My Scholarship entry - A local encounter that changed my life
WORLDWIDE | Monday, 23 April 2012 | Views [174] | Scholarship Entry
Evening, and the city stirs from its afternoon slumber. Chairs and chess sets are moved into place, dogs trot out of cool hibernation, and I’m hungry. The woman presiding over my hired room wrote an address on a scrap of paper, rubbed her belly, pointed to the scrawl with furious insistence. I know where to go.
The old town is twists of alley and clothes line and the occasional dead end alive with children hopscotching. The sun melts over the turret-tops and catches the city walls as it goes. I touch them on my way, tracing the pockmarks left by old bullets. Shadows are patching them up, and by the time darkness falls, they’ll be healed to bruises.

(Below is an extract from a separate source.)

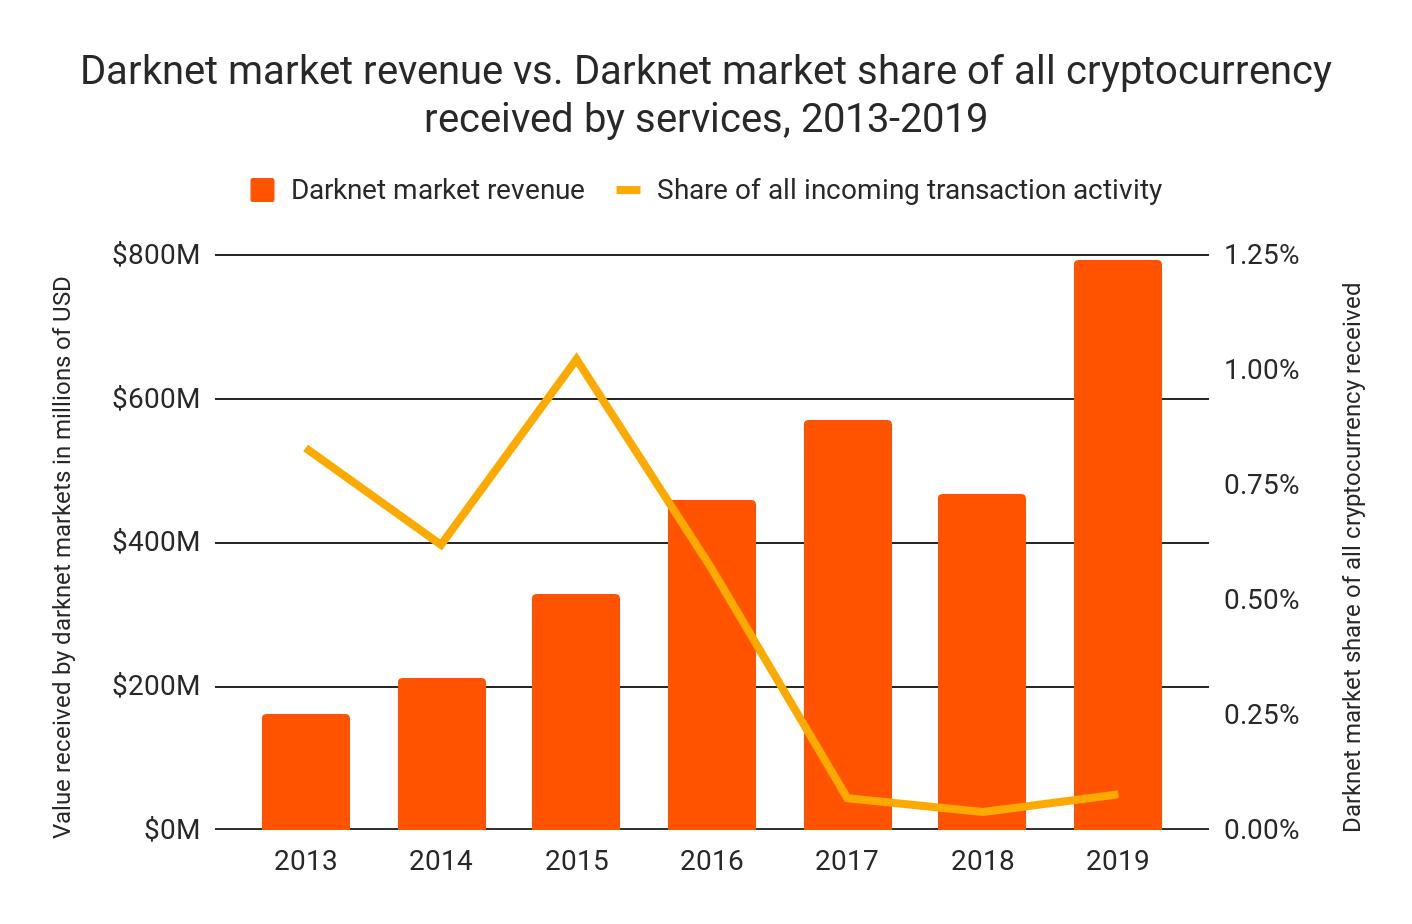 Доля рынка Darknet по всем платежам криптовалюты, 2013-2019

He greets everybody at his door with a handquake and a shot of slivovitz. The place couldn’t be called a restaurant: diners teeter on stools and arm chairs as if at a family feast, and trinkets decorate each table. War helmets, snow globes. Dead relatives peer disinterested from their frames as burek passes them by.
I try to sit but he shakes his head, beckons me towards a curtain at the back of the room. The terrace reveals the bridge that cuts the city in half, a second moon suspended in the darkness. His index and middle fingers mime a man, running and diving from the table’s edge. The city’s men jump from Stari Most once a year, 79 feet to the hard aqua below. I wince and he laughs, flexes fingers that have broken the river surface many times. “It is not so bad. When –” He pauses, becomes serious.
He lifts the bottom of his shirt to reveal two scars, puckered lumps of flesh pouting from his ribcage. The fingers that depicted the diving man join to form a gun, thumb cocked, pointing at my heart.
Cevapi breaks the stand-off. The chef plonks down delicate folds of pita, crackling beef soothed by sour cream. My host places his hand upon my shoulder – just a hand. “Hvala.” A word I know. He smiles, then, and deep trenches spread from his eyes, and I know that it is this smile that I will remember, and do still.